Monday, August 18, 2008

This is really about that and one thing leads to another.

Two sets of long lost friends made their way up to Boise this weekend.

My friend Eric, whom I love (period), and my new friends Matthew and Kelly stayed for a whopping 29 hours. We took an adventure down the Boise River on Saturday. There is something to having a friendship that picks up where it left off. The type of friendship that stays up until four in the morning catching up he had to leave at nine the next morning to travel back to Seattle. We see each other maybe twice a year, enjoy the crap out of each other's company and barely speak the rest of our days. We purposefully go on with lives that have nothing to do with each other and somehow, when the two worlds intersect - we have loads in common. The shared experiences we've had always get brought up and are the lens through which we see each other now - my how far we've come and still have to go.

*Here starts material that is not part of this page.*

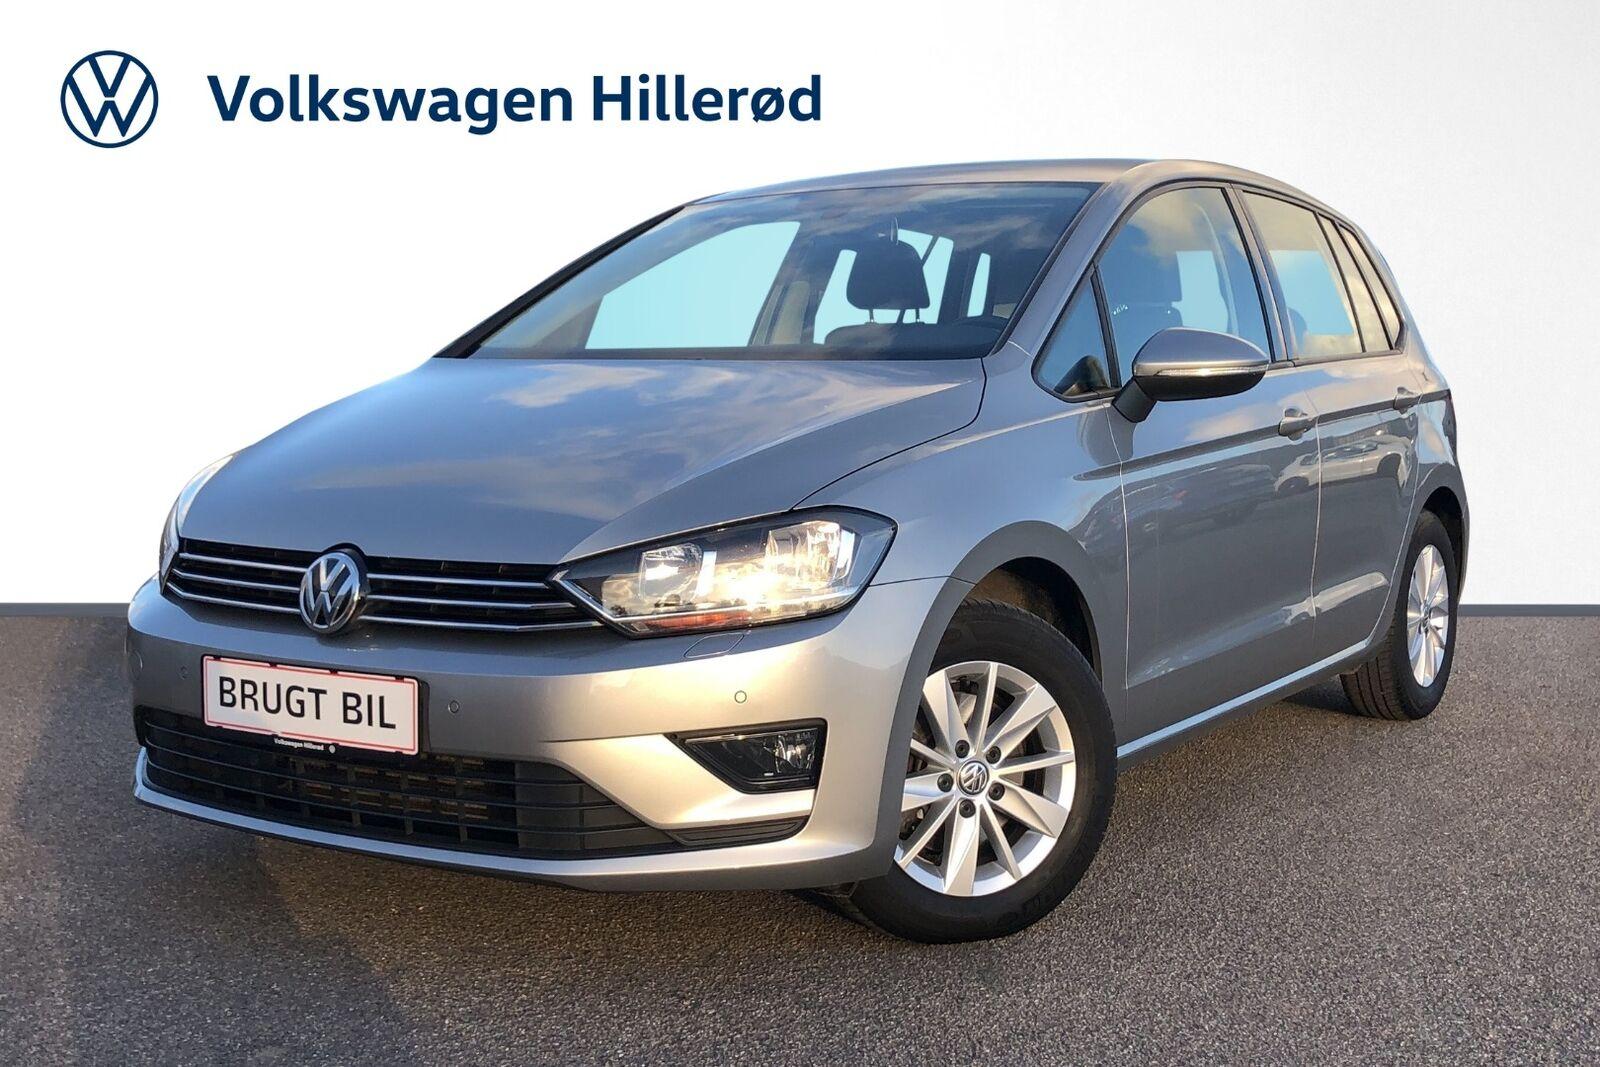 VW Golf Sportsvan 1,6 TDi 110 Comfortline DSG BMT 5d - 184.900 kr.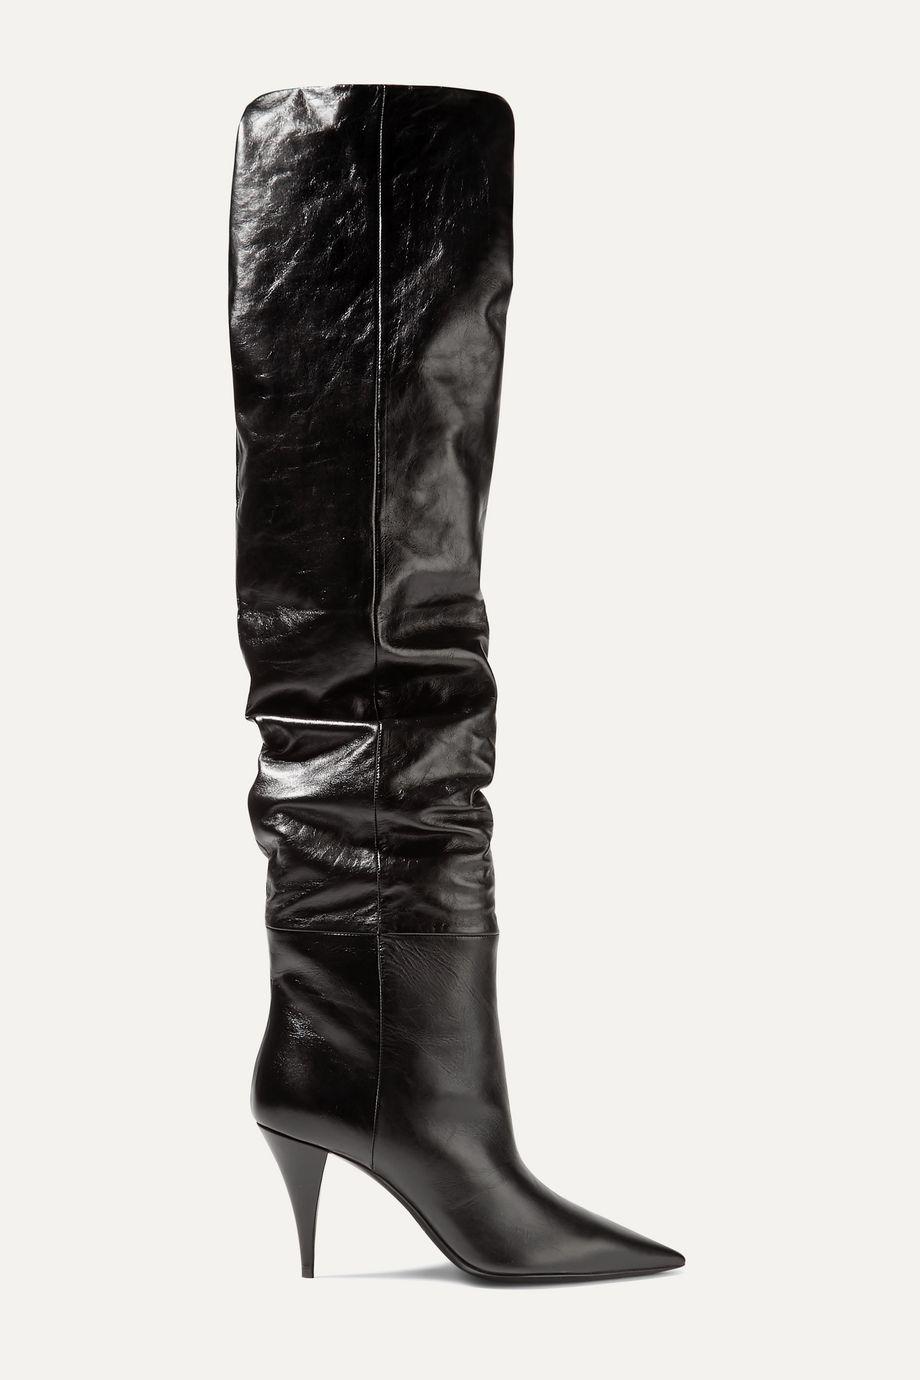 SAINT LAURENT Kiki textured-leather over-the-knee boots

My friend Mario and my new friend Robbie drove up from Salt Lake to share some of their insight with my church. My pastor planned a truth event and invited Mario up to dialogue (word of the weekend) with anyone and everyone who had a question about the truth as it applied to faith and life in general. Saturday night was an open forum and Sunday was a time for Mario to share some of his discovery process. I've referenced before that he is a masterful thinker - and through his honest pursuit of that which is true, he's encountered challenges to his faith and has had the tenacity to press forward. I believe those encounters provided for some legitimate answers to the questions that were constantly asked this weekend. He and Robbie were like a walking, talking Google. Everyone had something to ask these guys.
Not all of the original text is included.